In 2018 Armenia saw a change of government, as a result of which Nikola Pashinyan was elected Prime Minister. There have been changes in domestic policy. As for foreign policy, at least in relation to Iran, there have been no particular  changes and, in all likelihood, there will not be any. Given the present-day conditions, good-neighborly relations between Yerevan and Tehran are not a luxury, but an urgent need.

In this regard, Nikola Pashinyan’s official visit to Iran in February 2019 is of special significance. During the visit the two parties held high-level talks with the participation of Iran’s Supreme Leader Ayatollah Khomeini, who rarely receives foreign guests. The negotiations were held in a fairly warm atmosphere, with both sides underscoring the importance of bilateral relations and expressing readiness to exert efforts to develop them.

In the course of above-mentioned talks, representatives of Armenia and Iran signaled the high level of political cooperation, emphasizing yet again that the current level of economic cooperation does not match the full potential of the parties involved. Although by the end of 2018, trade turnover between Armenia and Iran had reached $ 364 million, which is the highest figure since 1991.

Among major projects of the Armenian-Iranian bilateral economic cooperation program is  the construction of the third power line, the implementation of the Meghri hydropower project, the North-South highway corridor, trilateral and quadrilateral economic cooperation with Georgia and Russia.

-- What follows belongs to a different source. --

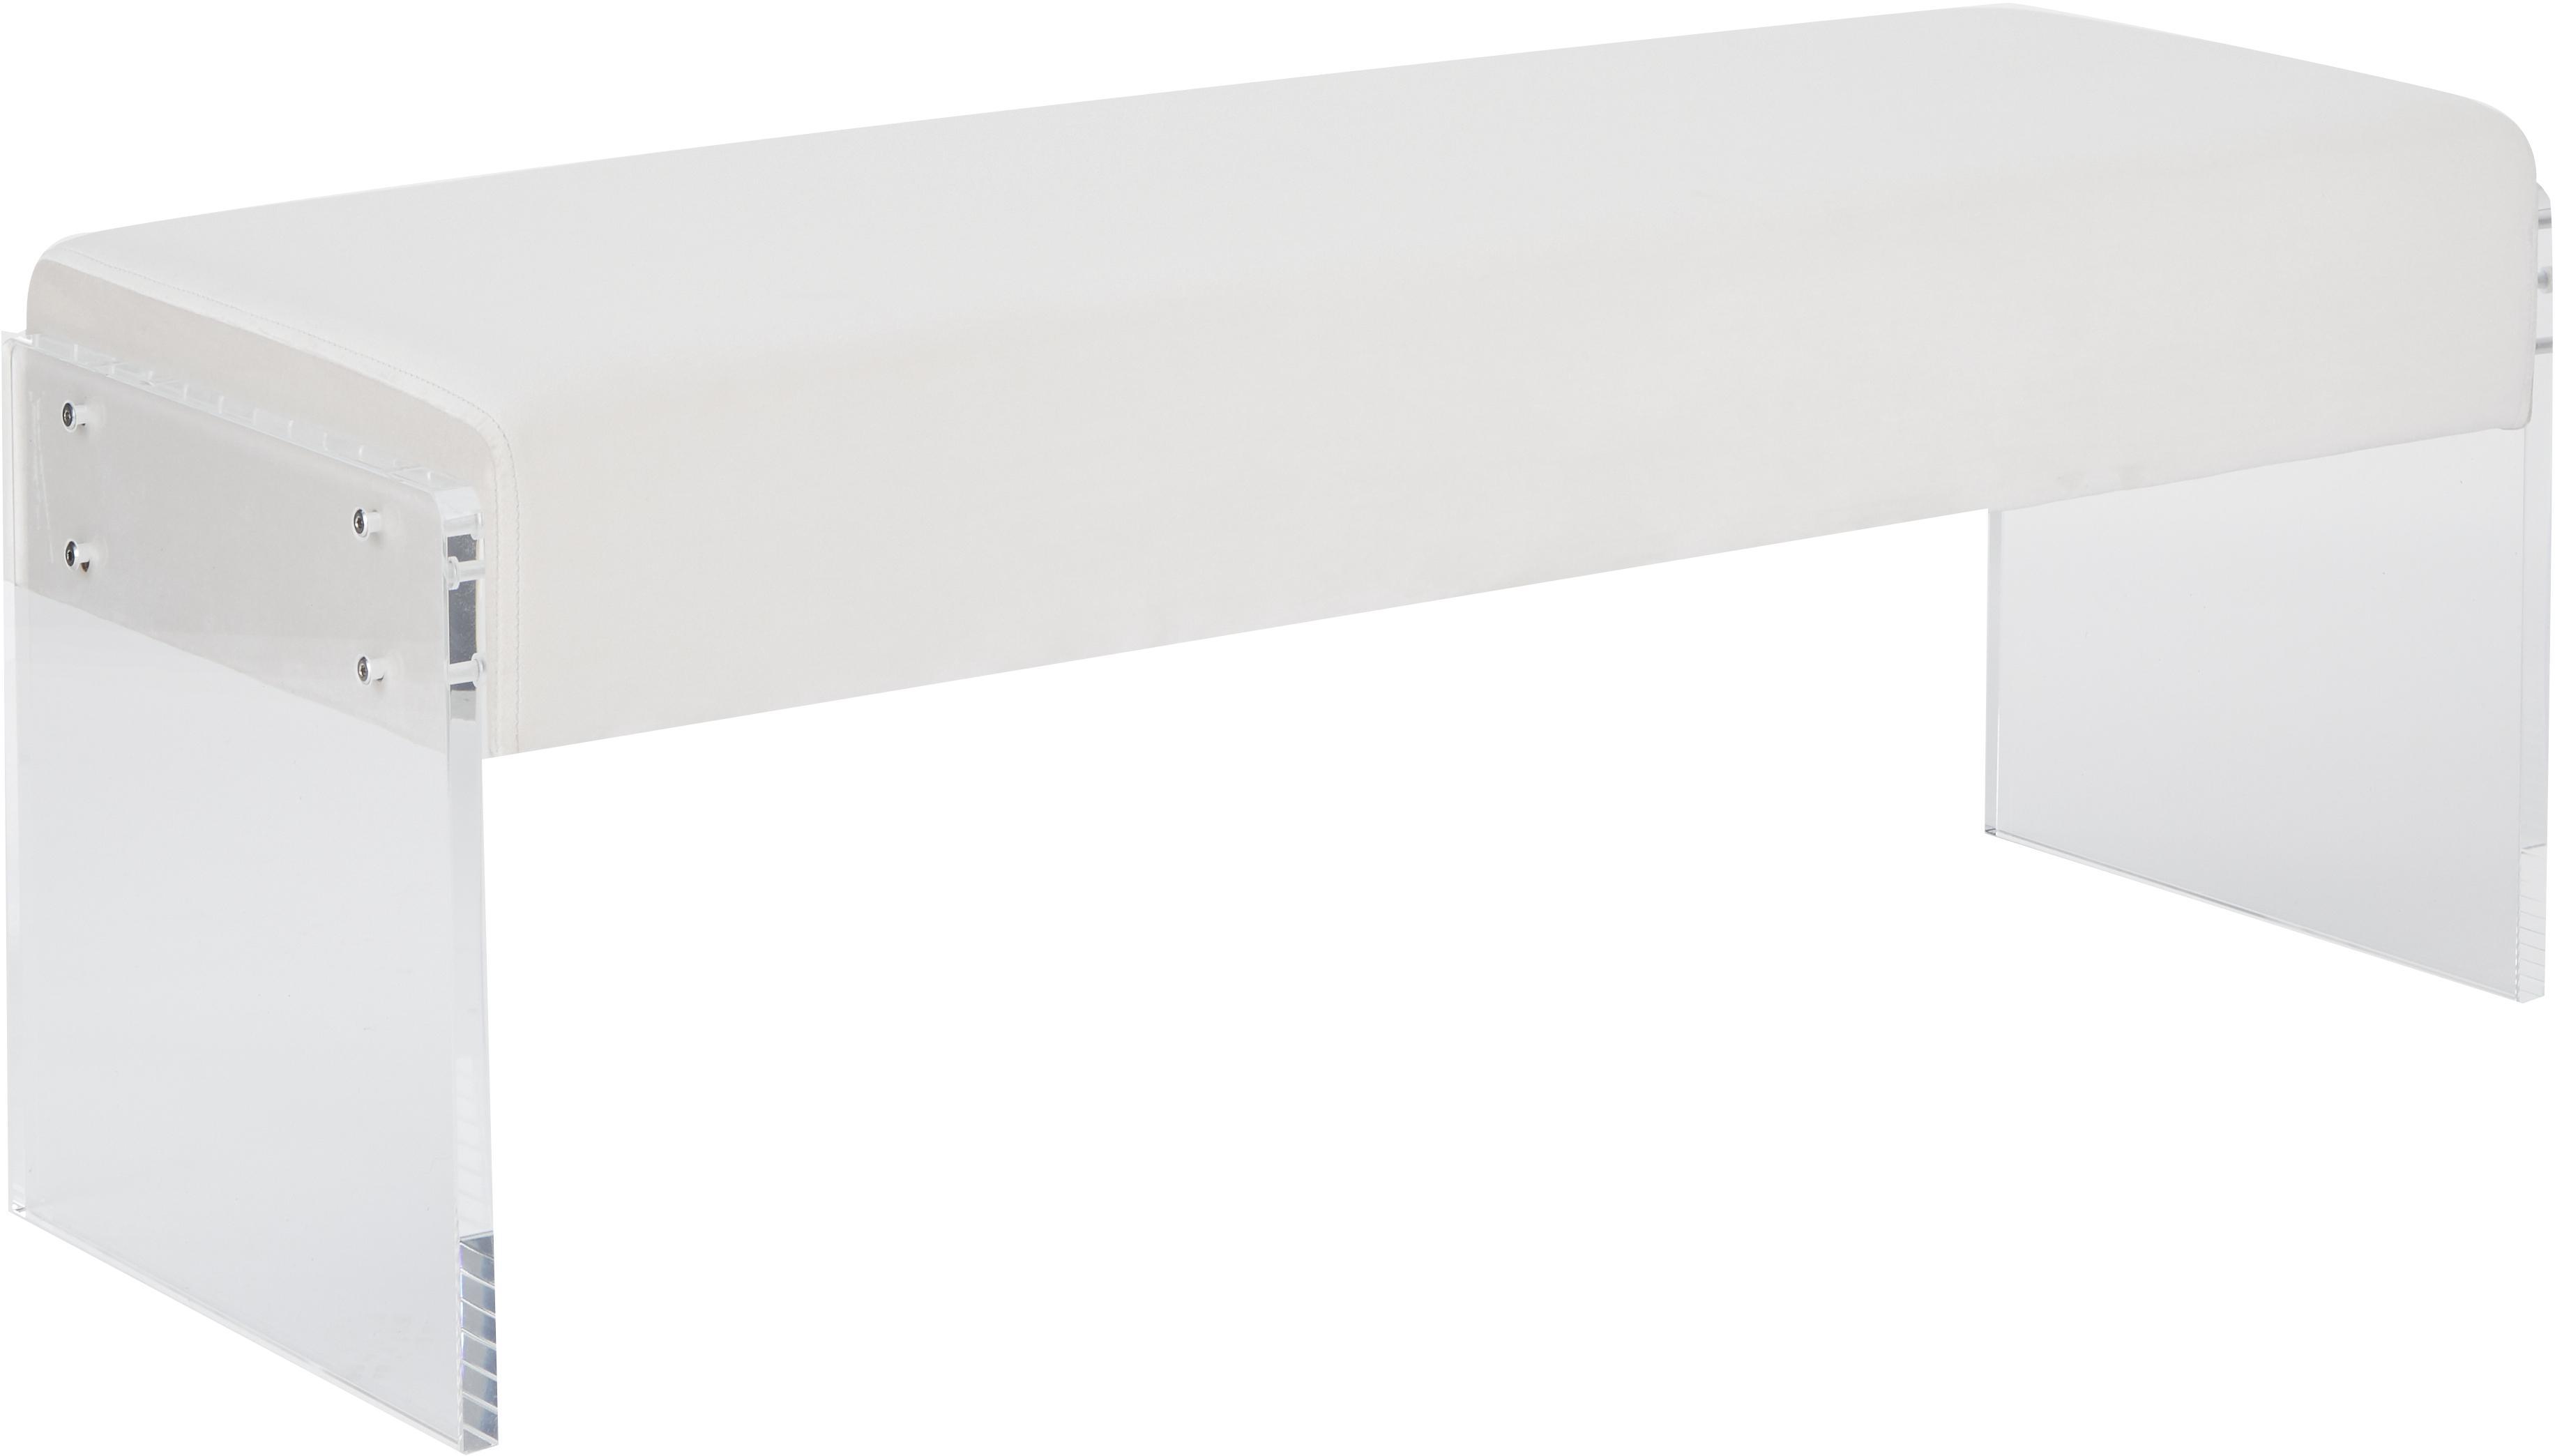 Banco de terciopelo Ayden, Tapizado: terciopelo (poliéster) 25, Patas: vidrio acrílico, Beige, transparente, An 116 x Al 43 cm

What makes the visit to Iran by Armenia’s Prime Minister Pashinyan special is that Iran is under the US sanctions. In 2018, a transitional year for Armenia, the United States subjected Iran to unprecedented pressure. In addition, the US “secondary sanctions” were imposed against all countries, legal entities and physical persons of foreign countries which dare to maintain relations with Iran. This meant a challenge for Armenia, in many ways economically connected with Iran.

In October 2018, US National Security Advisor John Bolton visited Armenia, Azerbaijan and Georgia to secure support for US plans to further isolate Iran. Reports say Washington is lobbying for the closure of the Armenian border with Iran through opening the border with Turkey.

While in Yerevan, Bolton told Prime Minister Pashinyan that since the United States will pursue the policy of sanctions against Iran, the Armenian-Iranian border is a “big problem.” Pashinyan responded by saying the following: “We respect the requests and national interests of any country, but Armenia has its own national  interests, which do not always coincide with the interests and ideas of other countries.” But as they say, there could be options.

It is necessary to emphasize that Washington, despite its hostile policy towards the IRI, has always had to tolerate cooperation between Armenia and Iran. Such tolerance is due to the US awareness of the geo-economic situation of Armenia, which, without extensive ties with Iran, will face social and economic problems. In addition, as said before, the Armenian lobby has a lot of sway in Washington, especially in the US Congress, which does not give much say to Iran’s opponents with regard to Armenia. That this is true is confirmed by the absence of any US sanctions against Armenia. That’s why John Bolton all but voiced proposals, and not warnings or threats. Suren Sargsyan, Chairman of the Armenian Center for American Studies, said recently, “Washington is fully aware of the situation and the realities that exist in the region. This means that the United States will never pressure Armenia into rejecting Iran or Russia. And this is good, because Washington knows that we will not survive without Iran and Russia … “

As is known, besides the United States Iran has another “big friend” – Israel. Apparently,  the strengthening of Armenian-Iranian relations is not welcome in Jerusalem, and Yerevan is aware of this. The Armenian diplomacy has taken sophisticated measures to neutralize the negative Israeli reaction. Right after Prime Minister Pashinyan’s visit to Iran, Armenian Deputy Foreign Minister Grigor Hovhannisyan paid a visit to Israel, where he discussed opening an embassy in Israel “in order to bring bilateral relations to a new high”. The Armenian delegation also focused on organizational issues related to the upcoming visit to Israel by Armenian Prime Minister Nikola Pashinyan and Armenian Foreign Minister Zohrab Mnatsakanyan.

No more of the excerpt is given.